Find a workout buddy
You have likely noticed how you have an easier time pushing yourself during group training or in a race versus cycling solo. This is even more true with indoor cycling. When you're in your house with the comfortable couch just a few steps away, it's way too tempting to not perform at your peak level. Fortunately, a workout buddy will keep you motivated. You won't want to slack off or slow down with your buddy there to see it. Reach out to your cycling friends and see if any of them are also interested in doing at-home cycling this winter. Once you find someone who is interested, you can schedule workouts together, even if you do them while connected virtually.
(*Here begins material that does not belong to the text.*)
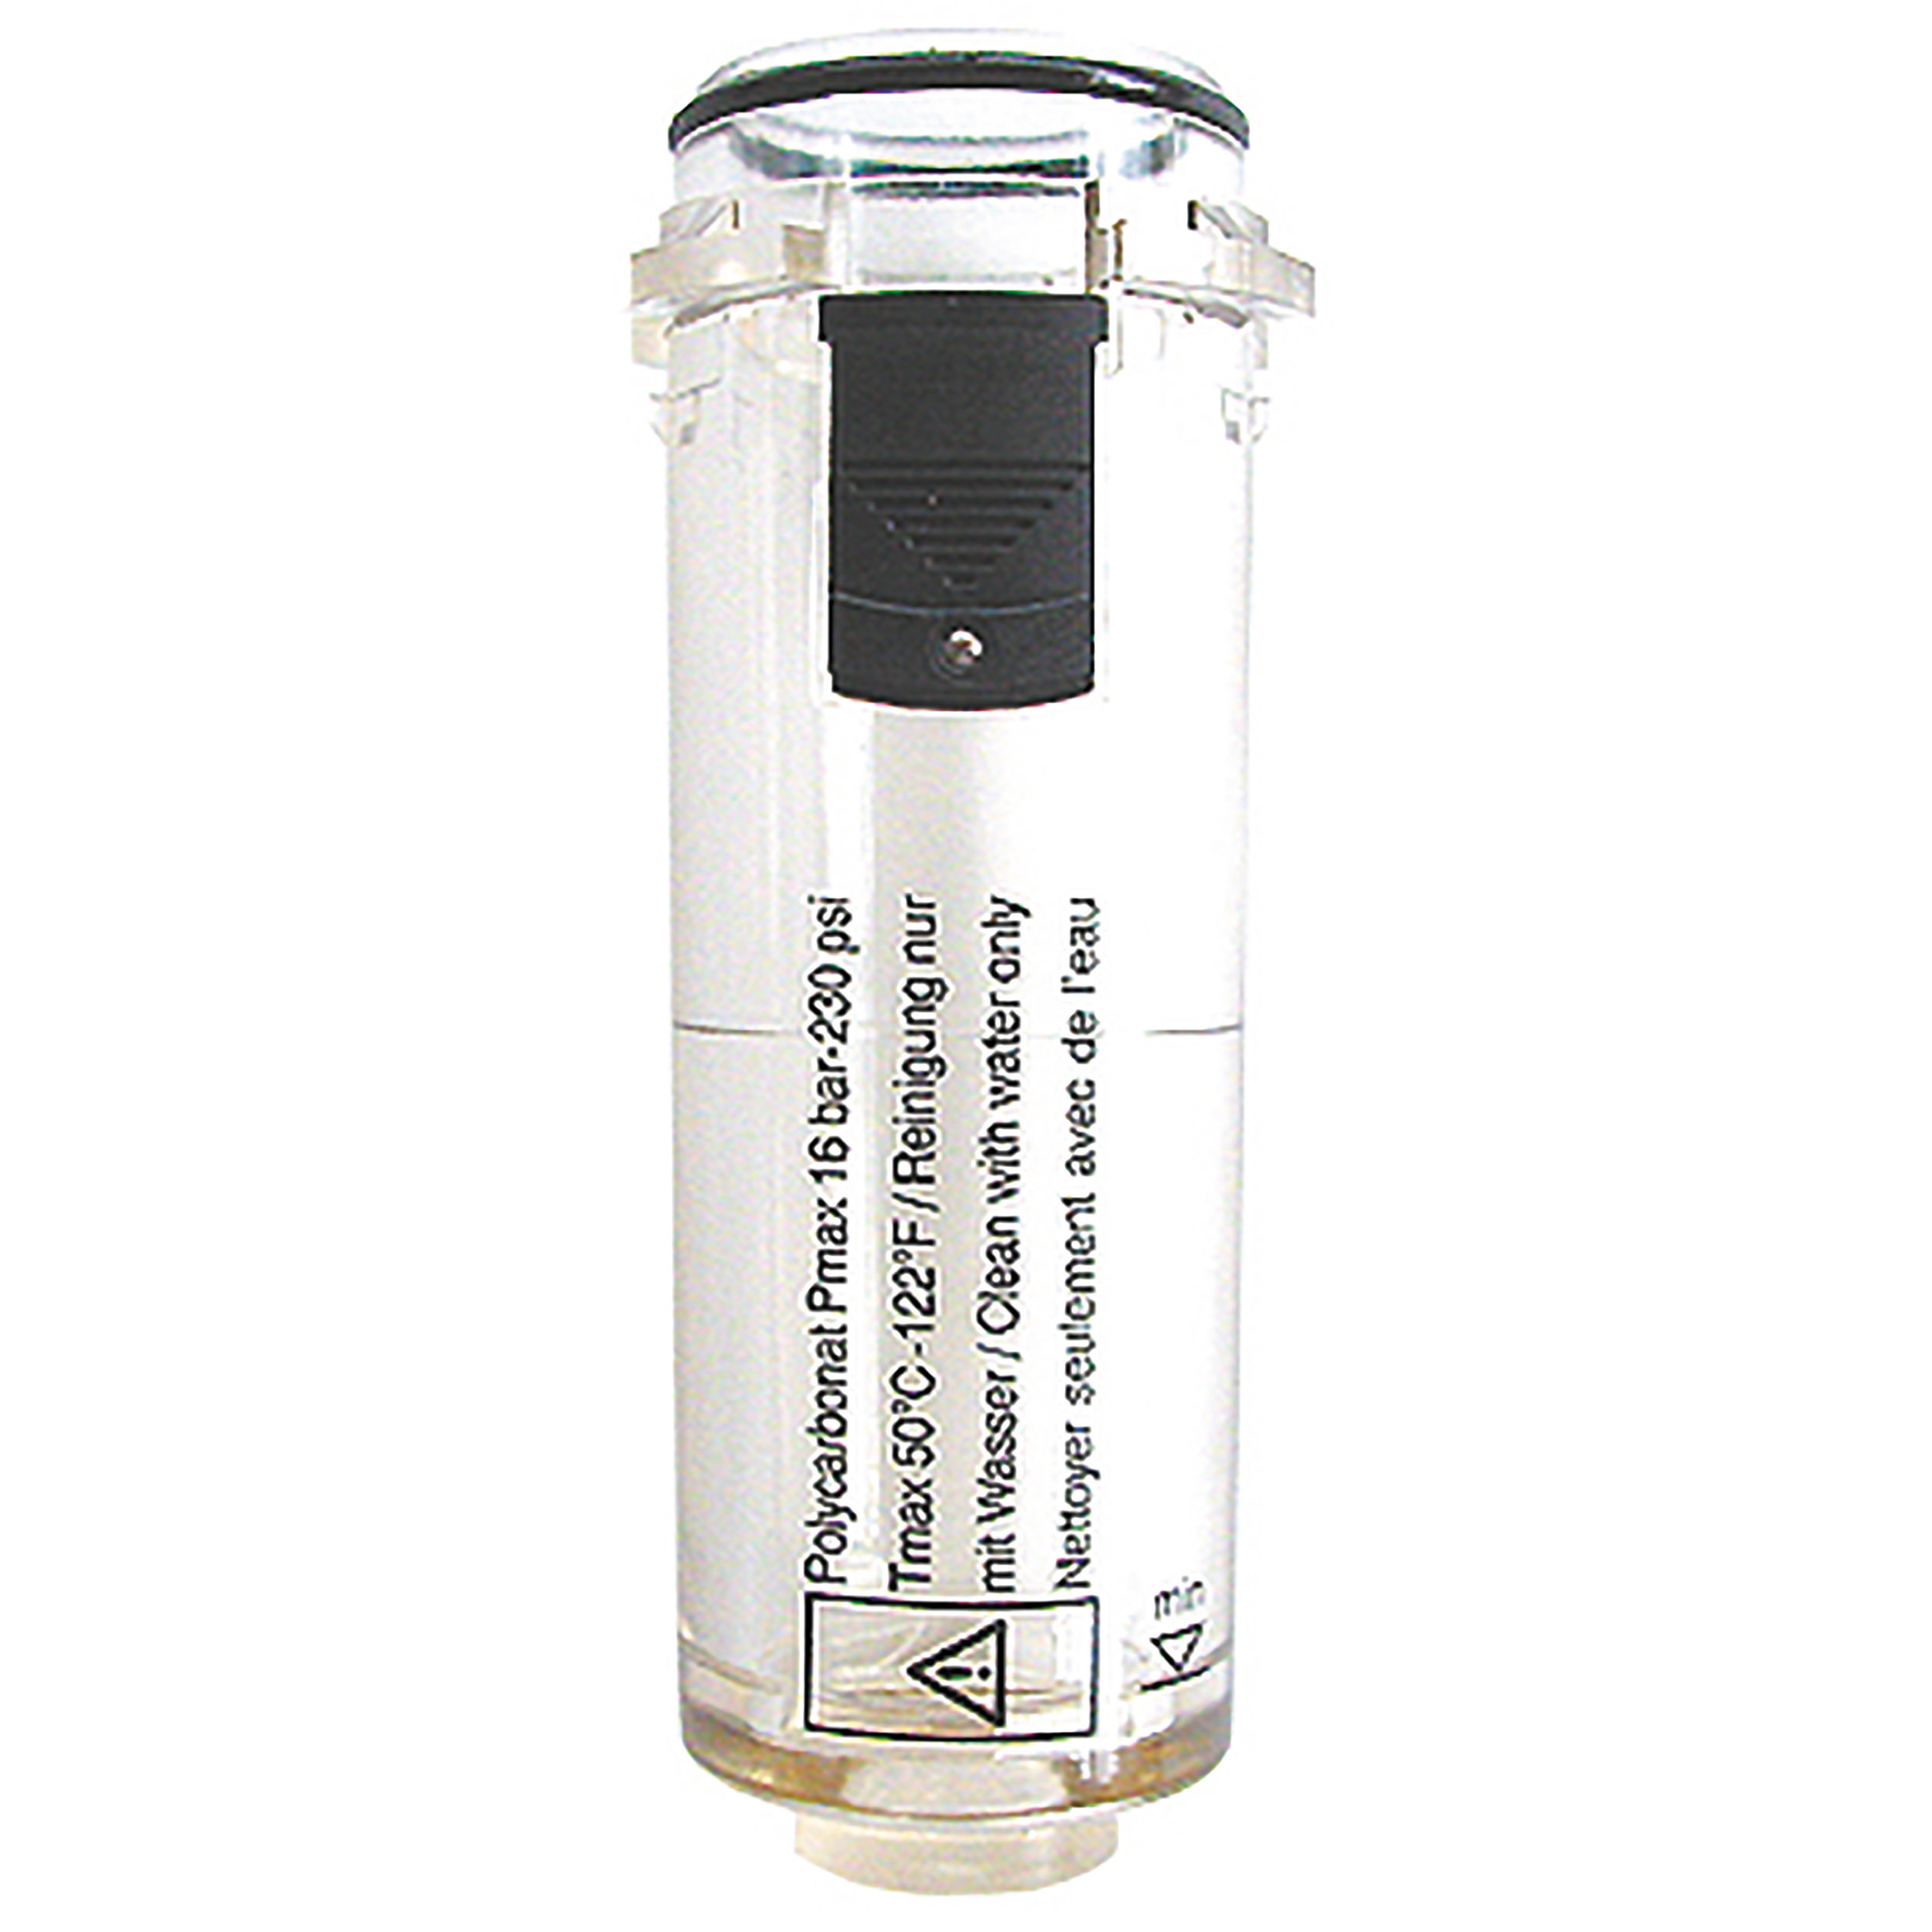 Kunststoffbehäter variobloc, passend für: BG 20, BG 30; ohne Ablassventil, für Öler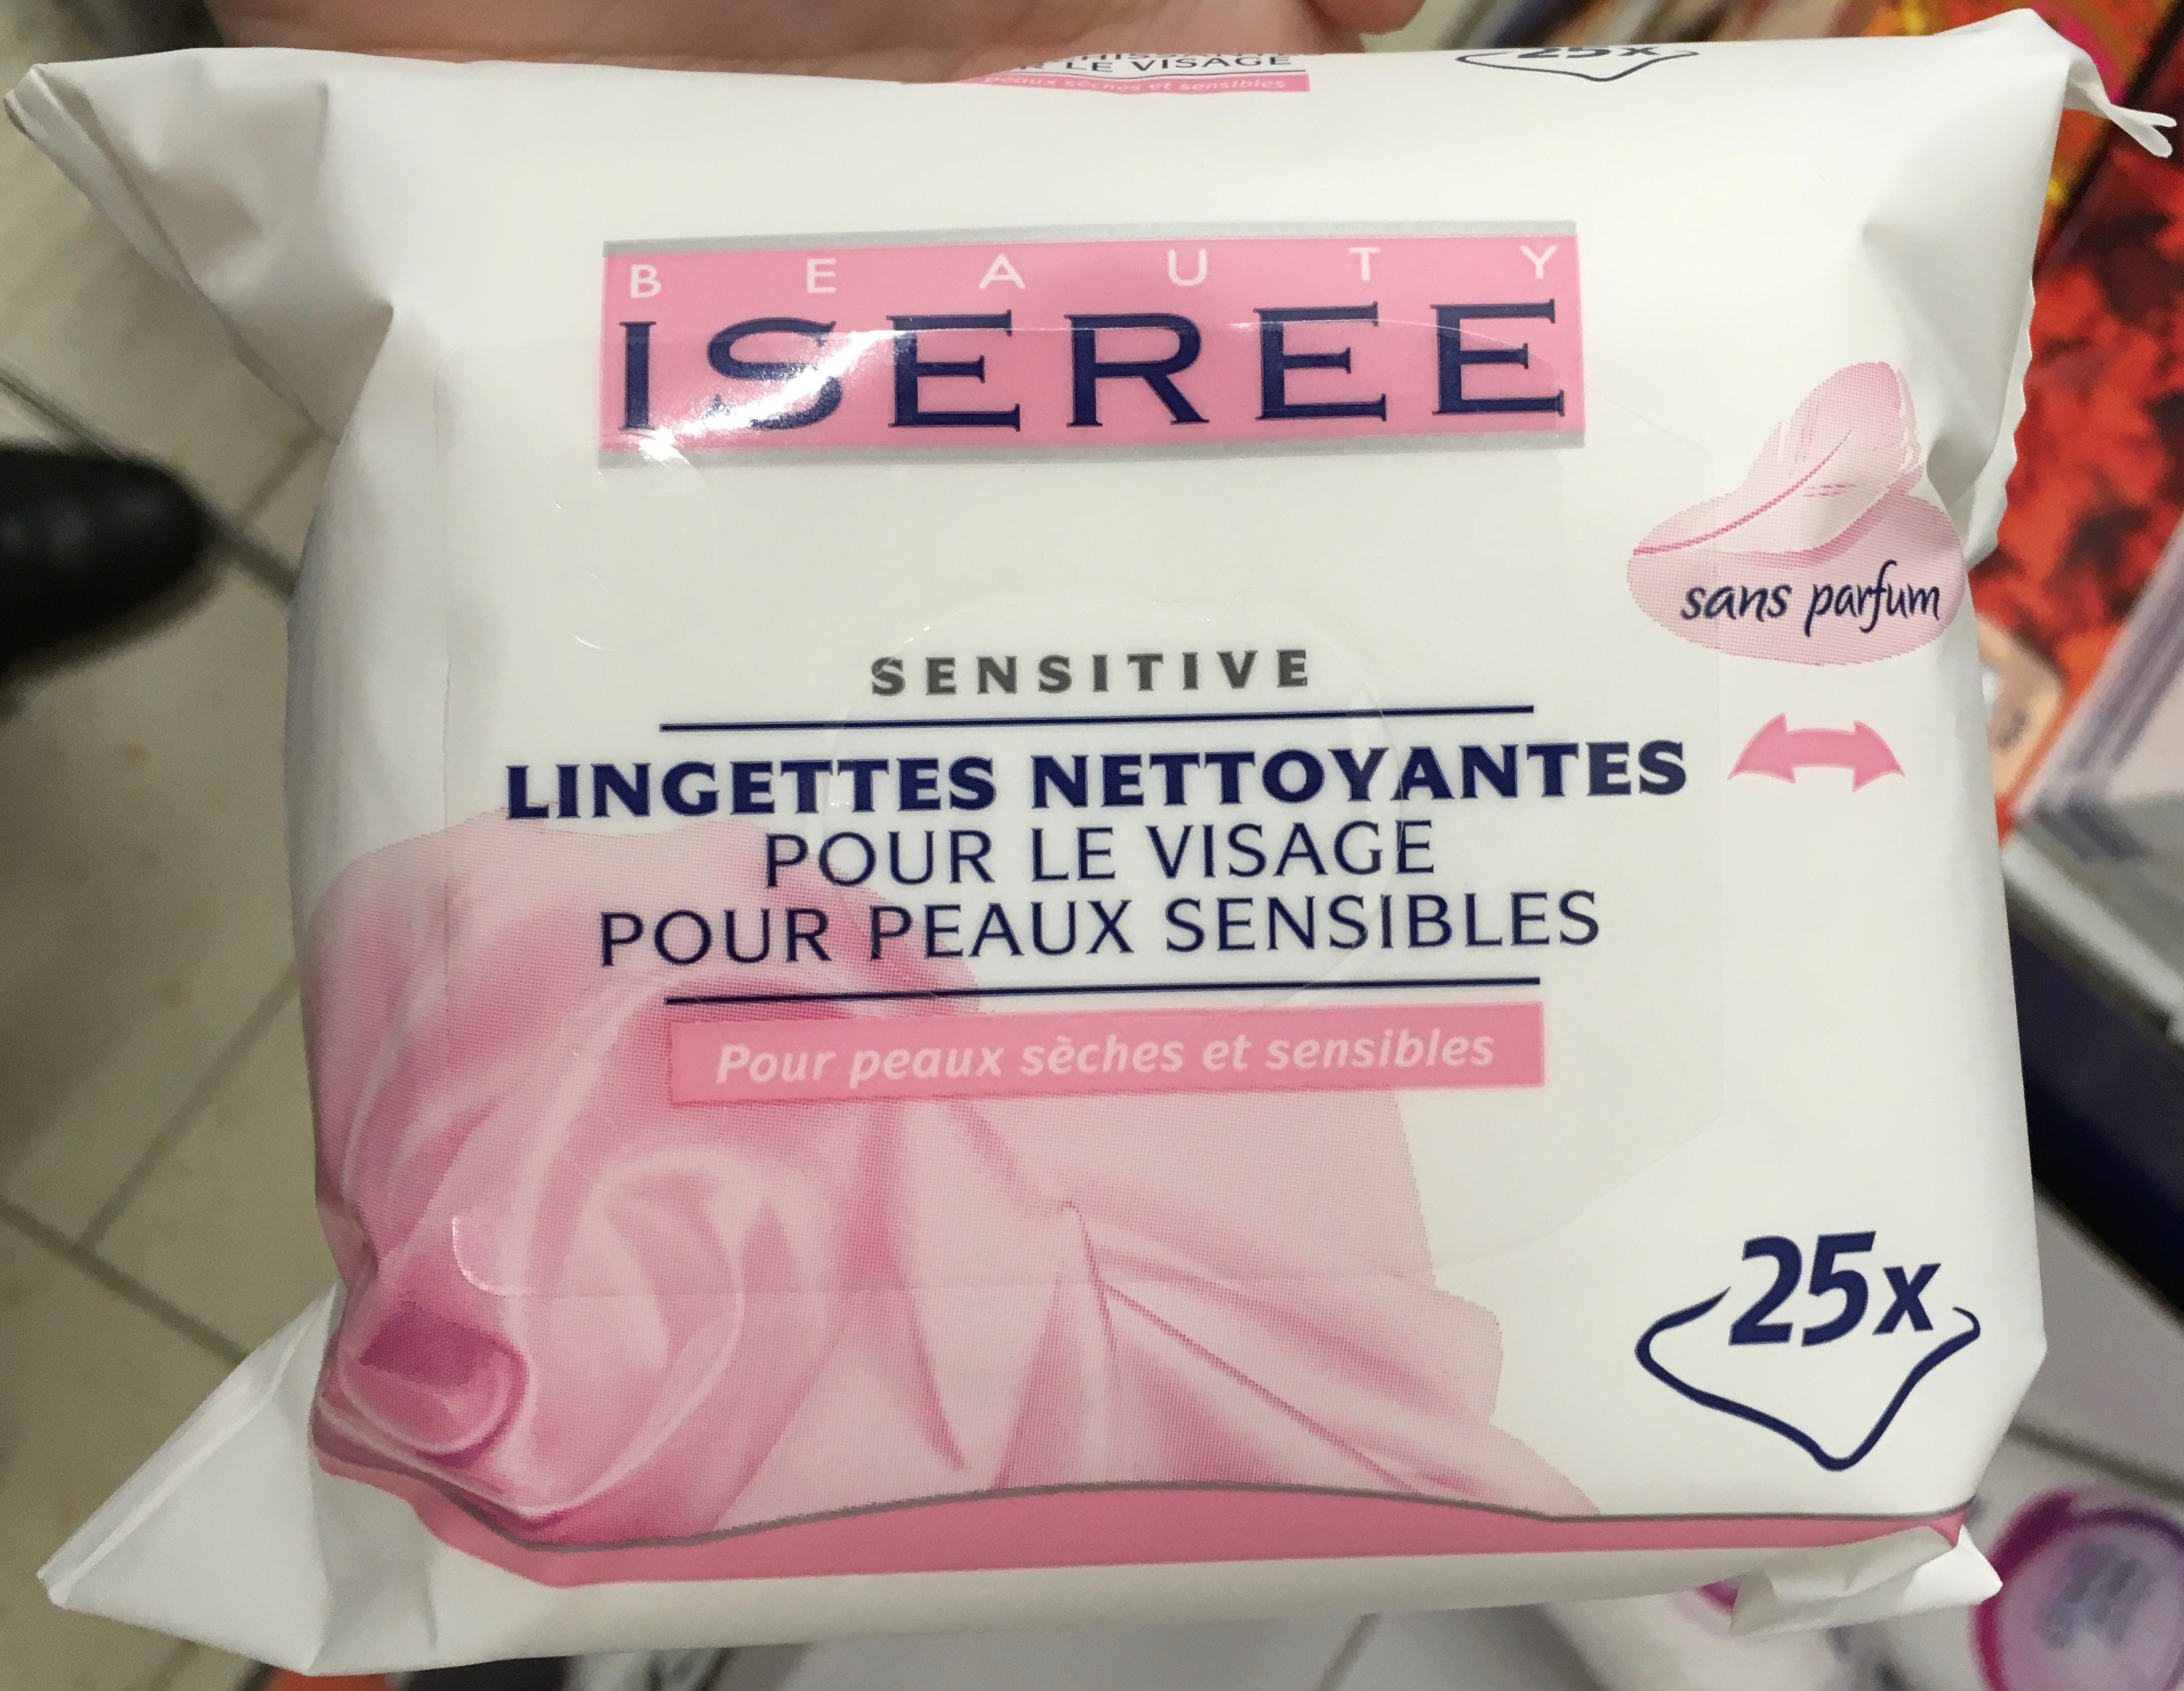 Sensitive Lingettes Nettoyantes pour peaux sèches et sensibles - Product - fr

Interval workouts are one of the most beneficial types of workouts for increasing your overall endurance and performance. They're also easier to stay motivated with when you're indoors. When you're pedaling hard, it's easier to keep going when you know you only have to keep the pace up for another couple of minutes. Then, you can use the "break" part of the interval to mentally prepare yourself for another hard workout. You can do a traditional 5-minutes-hard, 5-minutes-easy interval workout, or you can do something less structured — like pedaling hard for one song, then taking it easy for one song.
Create time trials or tests for yourself
If you schedule a test or time trial for yourself every 2 weeks in the winter, you will see your progress, and that will help motivate you to keep training hard. The easiest way to do a trial indoors is actually to set a specific time and see how far you can cycle in that time. For instance, set a timer for 20 minutes, and see how many miles you can log in that 20 minutes. Two weeks later, do the same thing — you'll be surprised how much further you get.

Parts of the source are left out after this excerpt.